Ketua Panitia Etam Begenjoh II 2025, Charvalo Dwi Putra, mengungkapkan bahwa festival tahun ini mengusung tema “Dari Bumi Etam untuk Nusantara, Harmoni Budaya Kukar di Malang Raya.” Kegiatan ini digelar oleh Himpunan Keluarga Mahasiswa dan Pelajar Kutai Kartanegara (KMPKK) dengan dukungan penuh dari Pemerintah Kabupaten Kutai Kartanegara.
Menurut Charvalo, Festival Etam Begenjoh tidak hanya sekadar hiburan, tetapi juga sarana edukasi budaya. “Festival ini tidak hanya memiliki konsep memberikan tontonan saja, melainkan juga mengajak masyarakat Kota Malang untuk mencoba dan memahami bahasa serta budaya Kukar,” ujarnya.

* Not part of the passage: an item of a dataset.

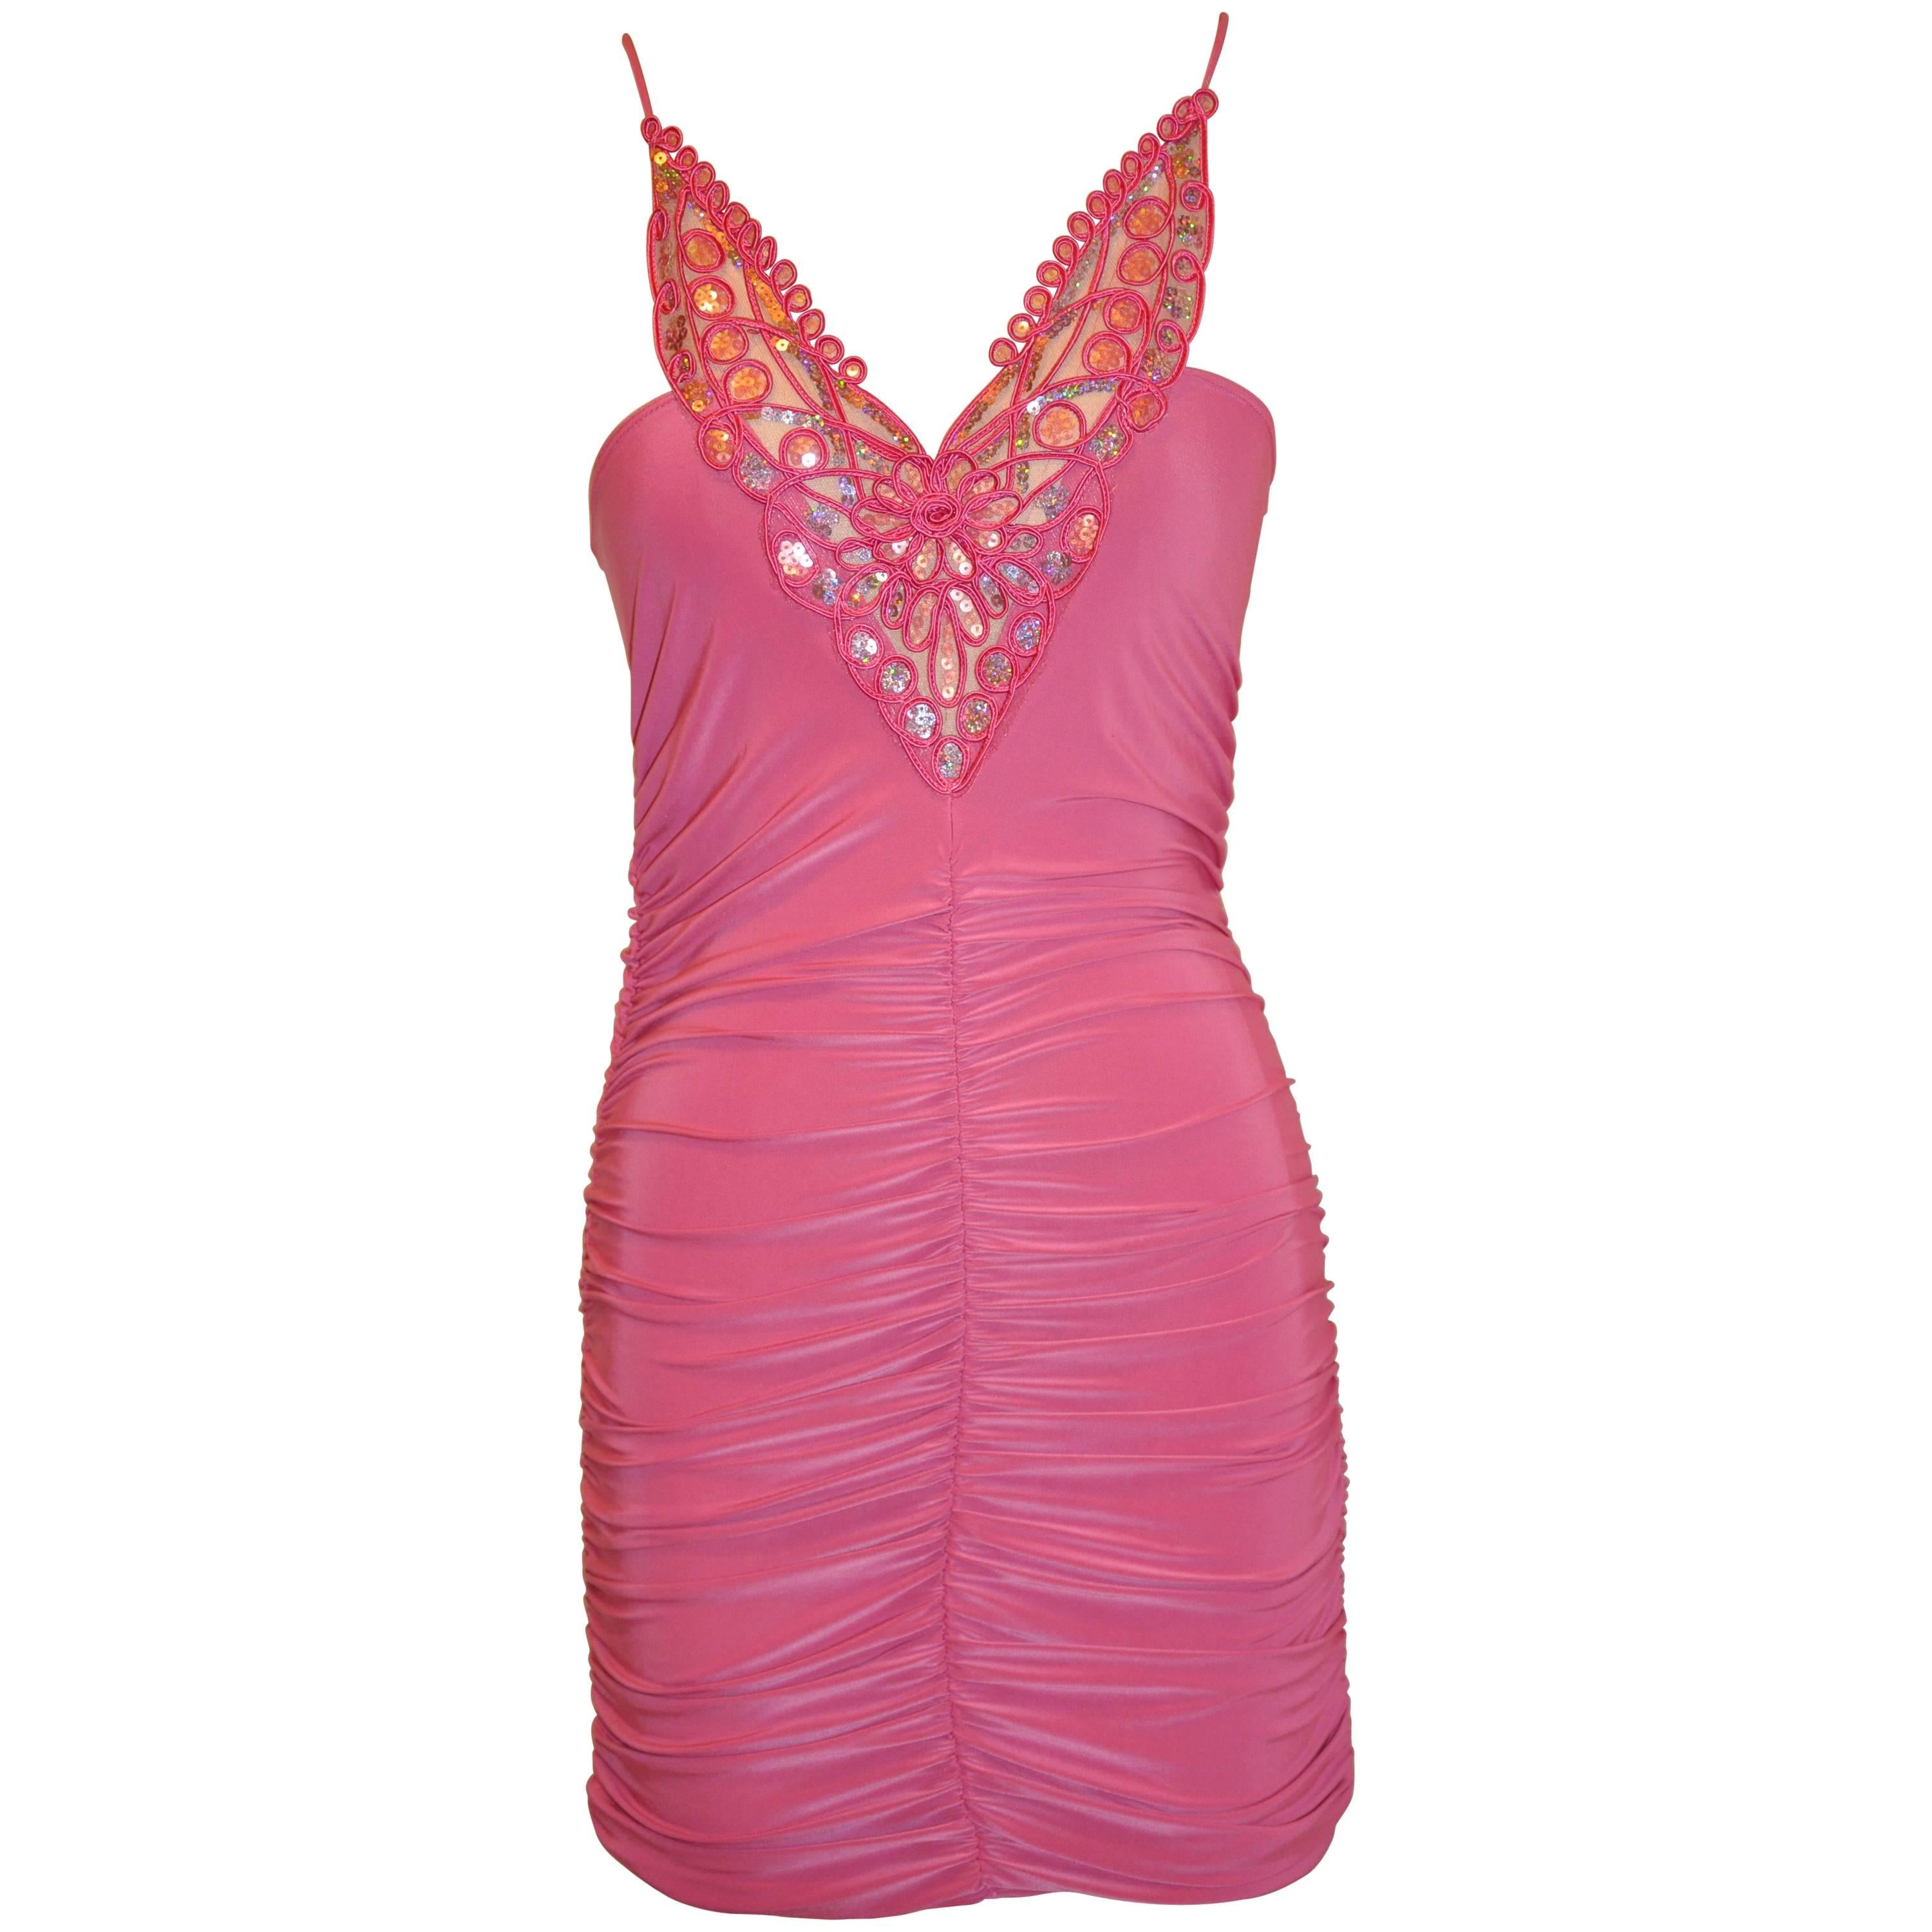 Moschino Weiches Fuchsia-Kleid mit Pailletten, das körperbetont wirkt

Ia menambahkan, sejumlah agenda utama telah disiapkan, di antaranya pertunjukan seni dan budaya khas Kutai Kartanegara, Kutai Music Fest yang bertujuan memperkenalkan lagu dan bahasa Kutai di tingkat nasional, serta kegiatan beseprah dengan menyajikan menu kuliner khas Kutai.
Selain itu, lomba olahraga tradisional khas Kukar juga akan digelar dengan hadiah jutaan rupiah, serta flashmob tari jepen yang melibatkan seluruh pengunjung di area alun-alun. Charvalo menjelaskan bahwa pelaksanaan festival ini juga mendapat dukungan dari sejumlah Organisasi Perangkat Daerah (OPD) Pemkab Kukar seperti Dinas Pariwisata, Dinas Koperasi dan UKM, Dinas Pendidikan dan Kebudayaan, serta Dinas Kepemudaan dan Olahraga.
Plt. Kepala Bidang Pemasaran Dinas Pariwisata Kukar, Awang Ivan Ahmad, menuturkan bahwa jadwal pelaksanaan Etam Begenjoh 2025 semula direncanakan pada 24 Mei, namun diundur menjadi 14 Juni 2025. “Konsep tahun ini bisa dibilang berbeda dari tahun sebelumnya. Untuk talent-nya kami berkolaborasi dengan bidang ekonomi kreatif,” katanya.
Ivan juga memastikan partisipasi dari berbagai OPD. Dinas Pemuda dan Olahraga akan menampilkan permainan tradisional seperti begasing dan besumpit. “Selain itu, Diskop-UKM Kukar juga dijadwalkan ikut serta, meski masih dalam tahap koordinasi. Sementara Dinas Pendidikan belum memberikan konfirmasi karena penyesuaian anggaran,” tambahnya.
Melalui Festival Etam Begenjoh II 2025, Pemkab Kukar berharap dapat memperkuat semangat generasi muda Kukar yang tengah menempuh pendidikan di Kota Malang agar terus melestarikan dan mempromosikan budaya daerah di luar wilayah asal mereka.